Data visualization was done to determine the data distribution as well as identify whether the data is balanced or not.
The balanced dataset is utilized to train the ML-based models. The classifiers have four target values to classify the mobile traffic into benign (benign traffic) and three abnormal classes that comprise malware (ransomware, SMSmalware, and scareware).
Apart from ML models, Hybrid and Deep Learning (DL) based models were also applied and performance was evaluated.
The proposed model permits the exclusion of normal mobile traffic generated by mobile devices from malicious and malware-oriented traffic. It also maximizes the throughput of the mobile network, minimizes the jamming of connections and maximizing the data transmission rate.

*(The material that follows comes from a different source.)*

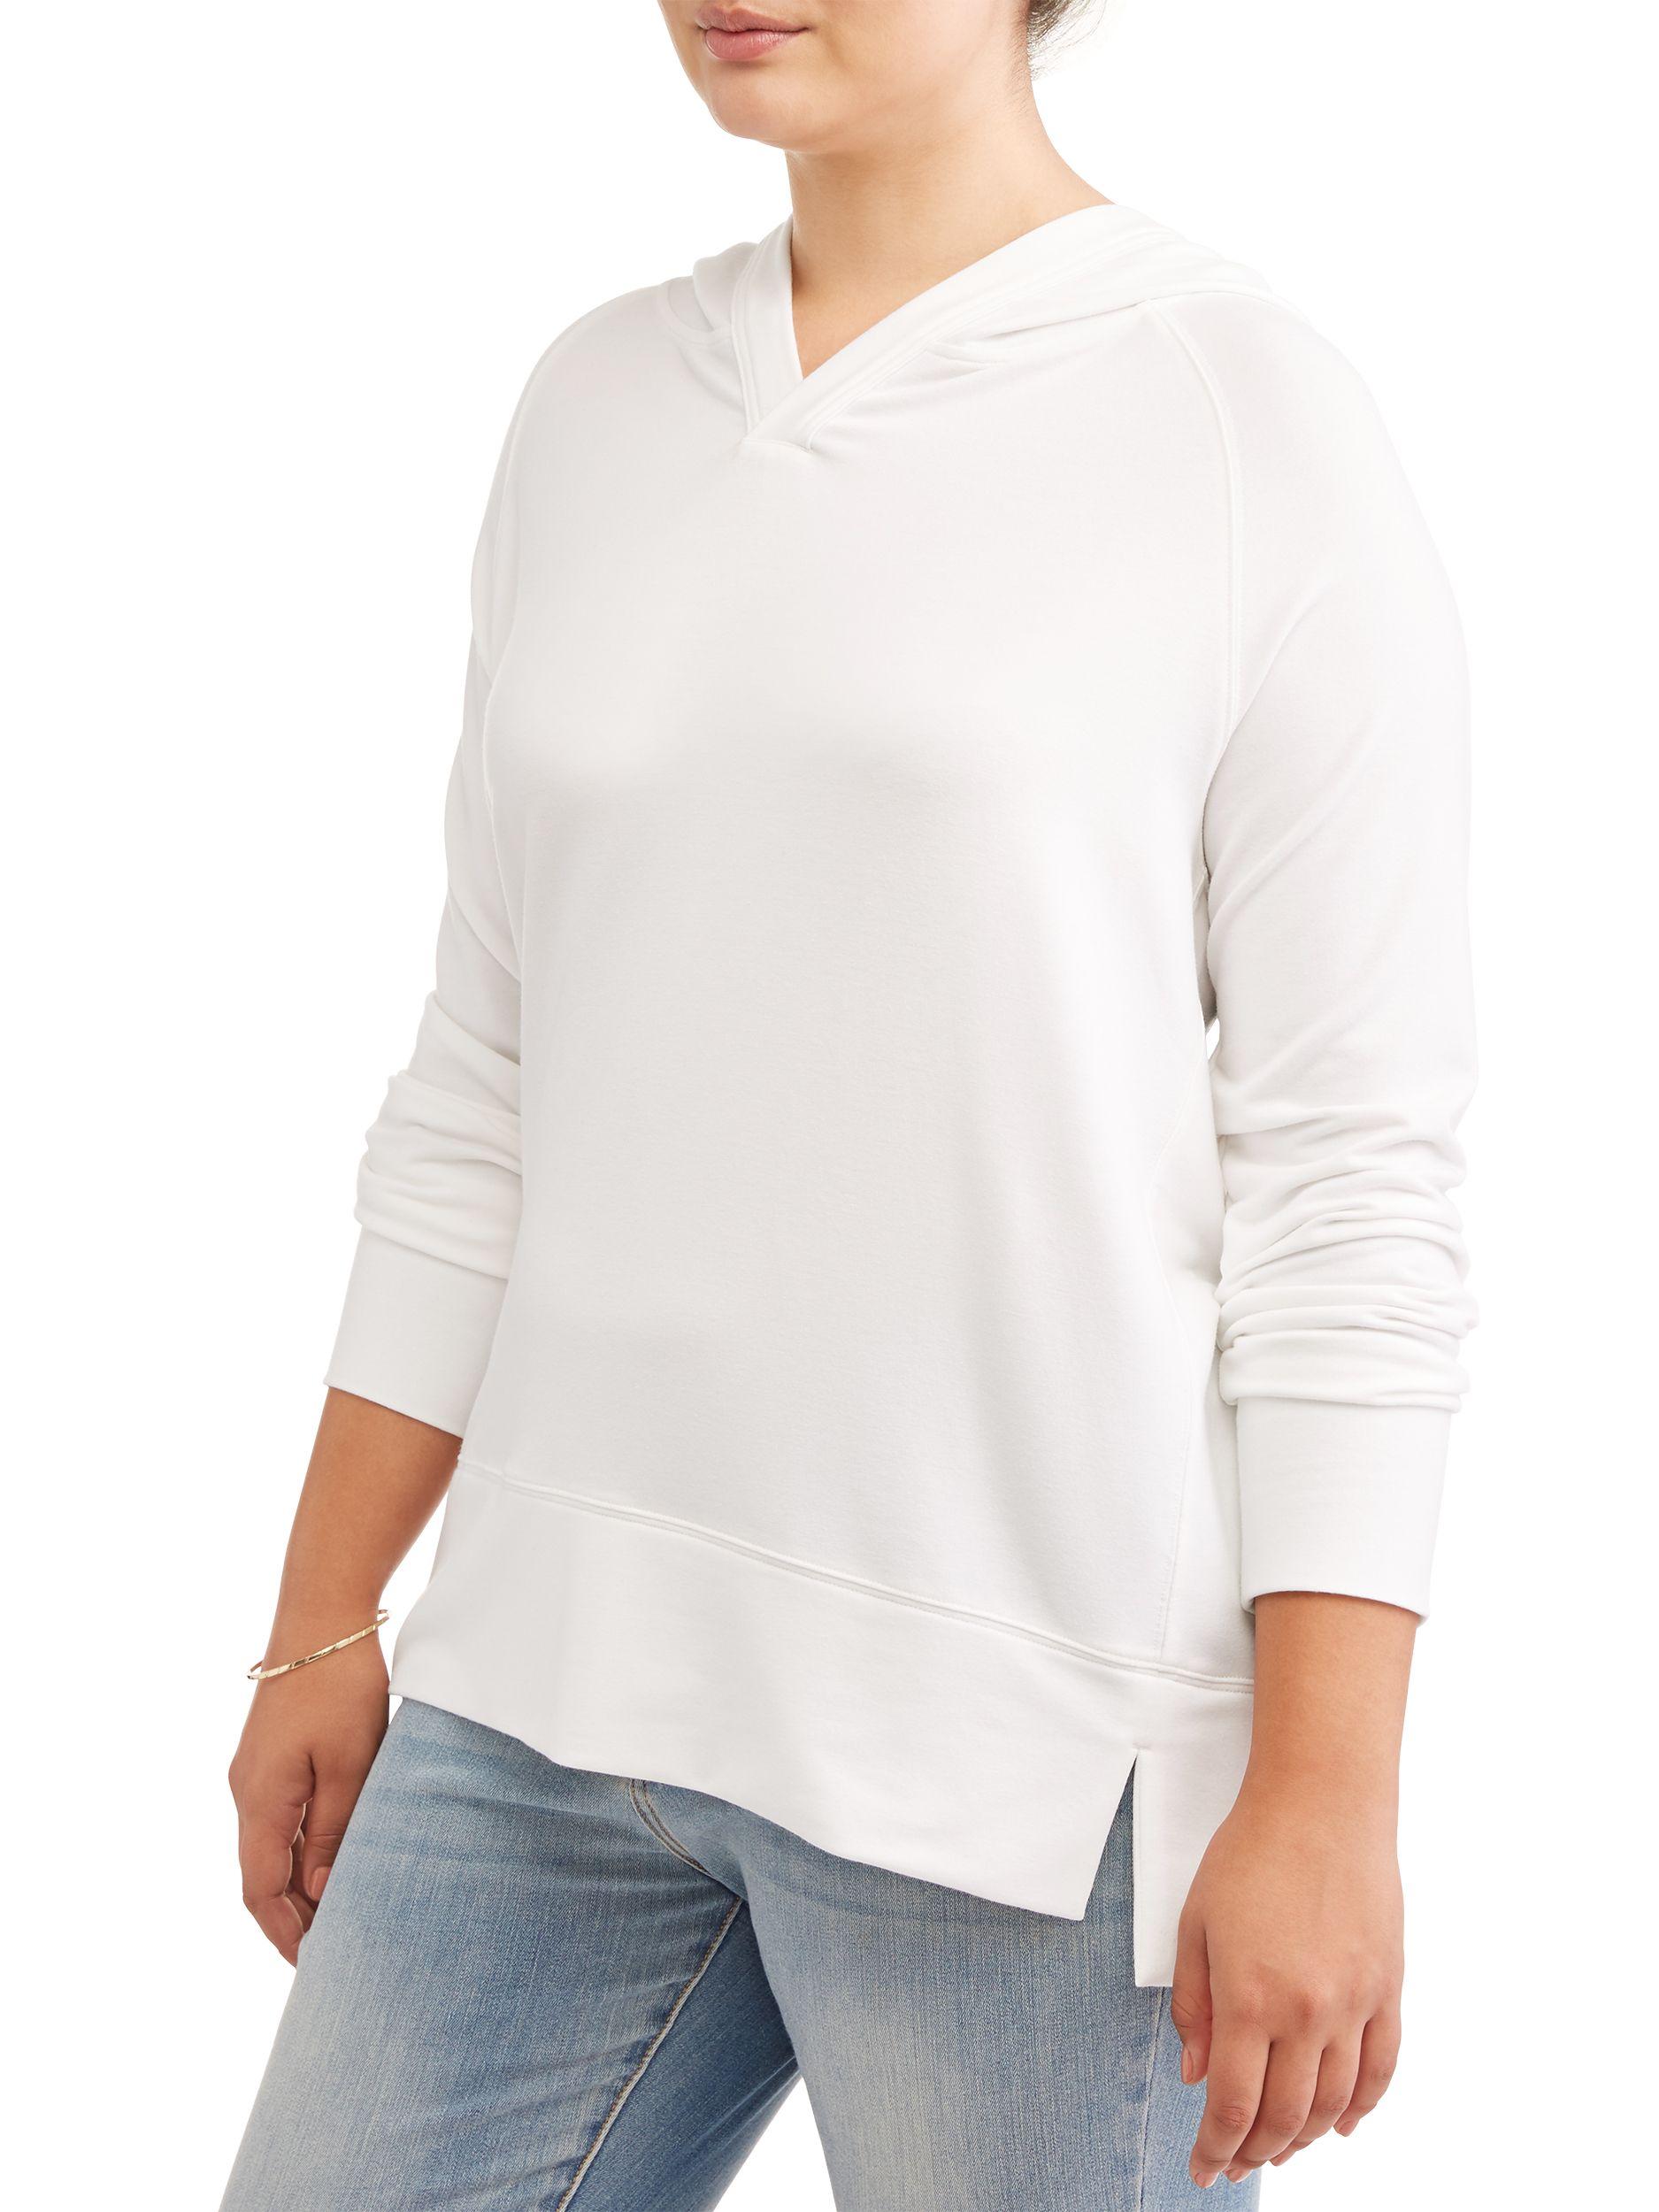 93726077b9c Avia Women's Plus Size Hooded Tunic Sweatshirt#Size, #Women, #Avia ...
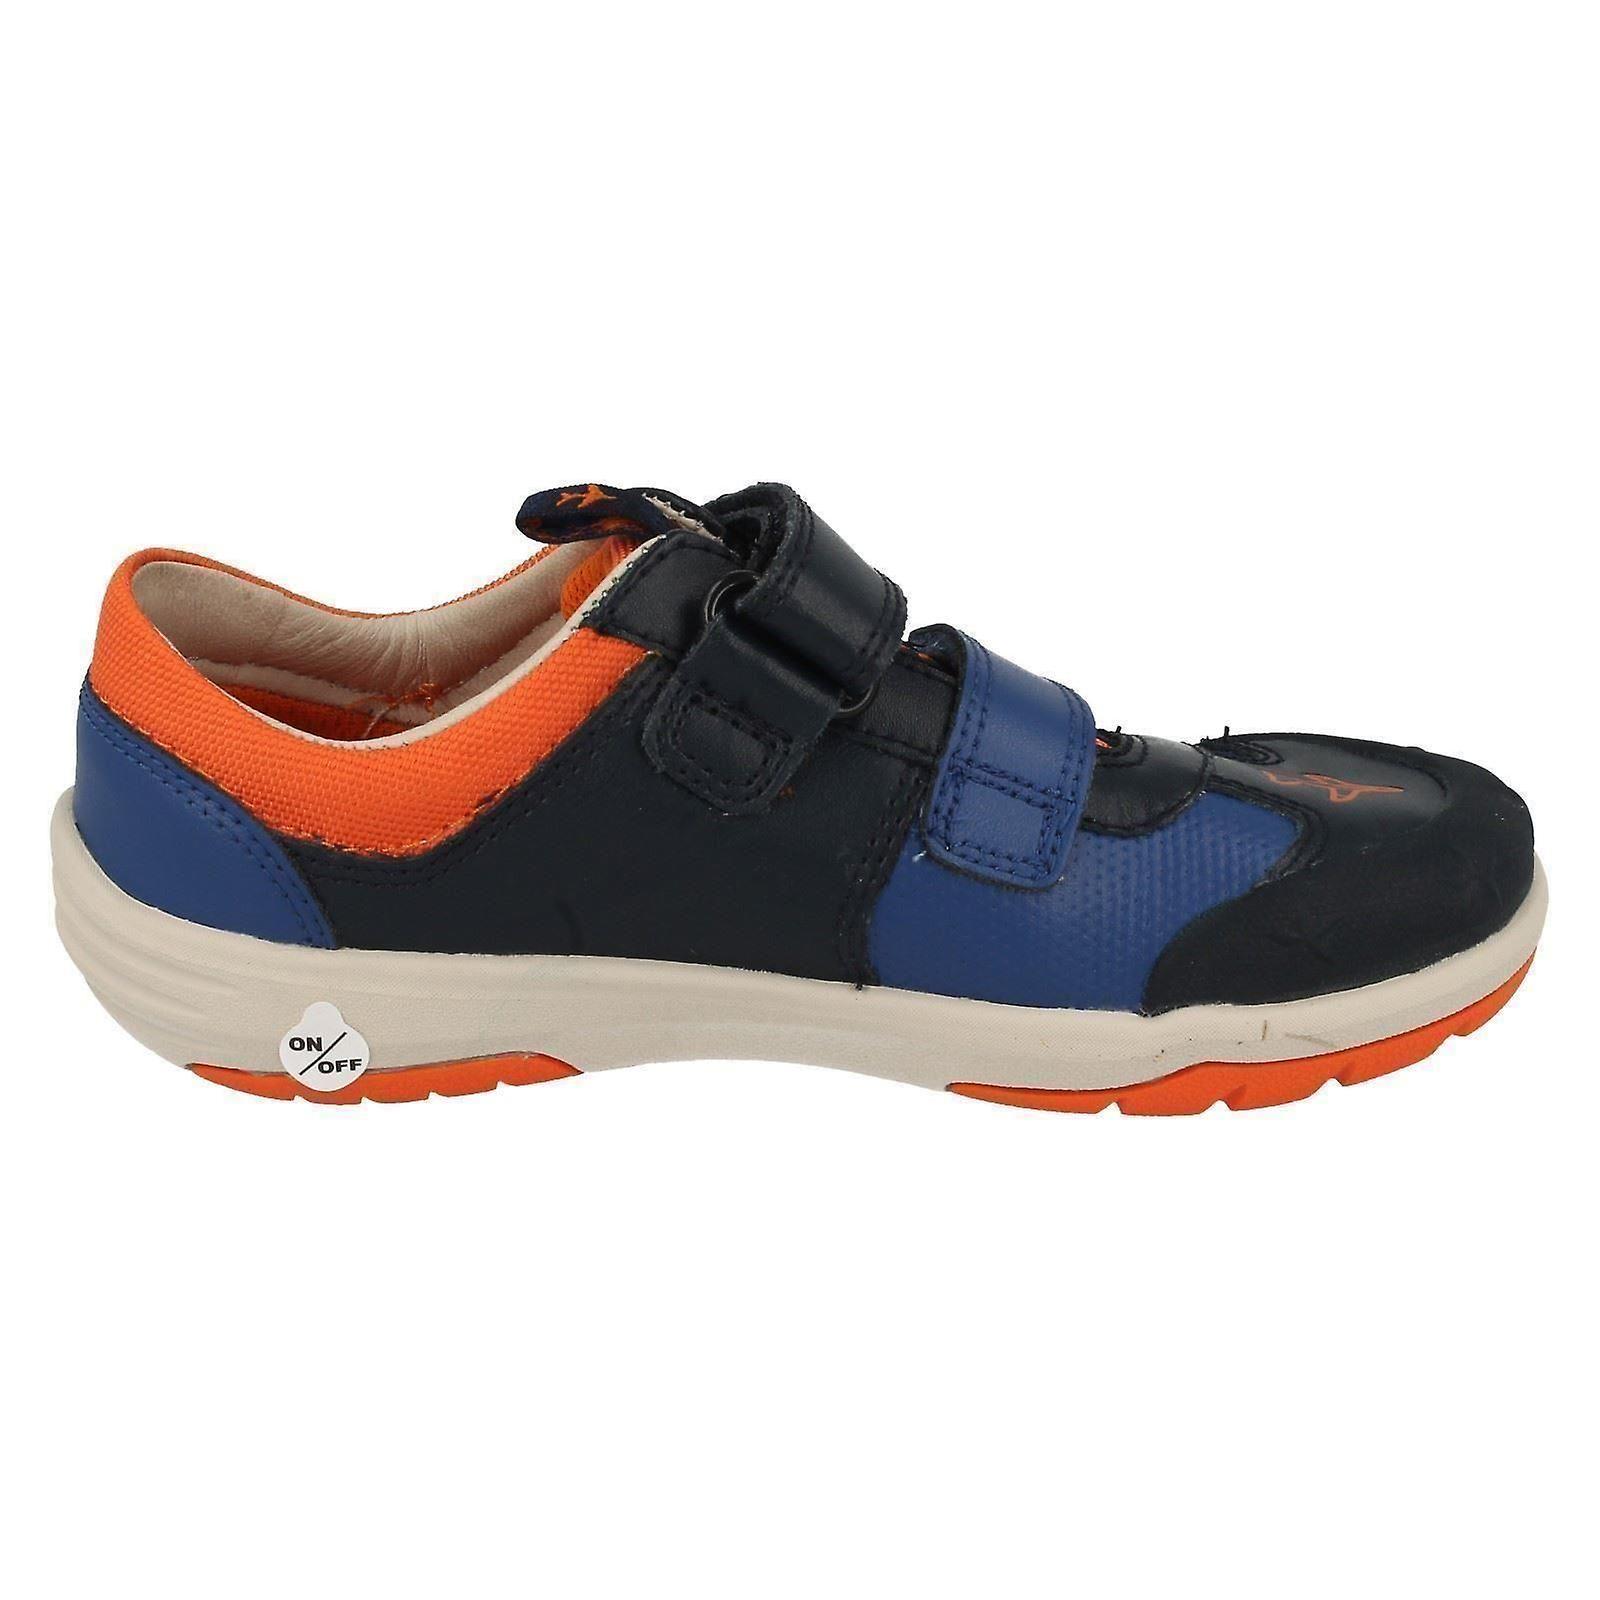 Garçons Clarks Casual Shoes Jetsky Buzz

The next part of this article is devoted to elaborating on the state-of-the-art works. Section 3 explained the proposed mechanism to identify malware and segregate the malware-based data from the normal data over mobile channels. The results are presented in Sect. 4. The article is summarized in Sect. 5.

Related Work

There are many advanced approaches for identifying the security threats posed on mobile devices, including malicious traffic, malware, and spyware. The smart technologies in mobile and handheld devices are used for the identification of threats, but accuracy is still a factor of concern. We are proposing a novel mechanism to identify the threats to Android-based mobile platforms and address the gaps in the existing literature. This section explains the existing literature in the area of our research.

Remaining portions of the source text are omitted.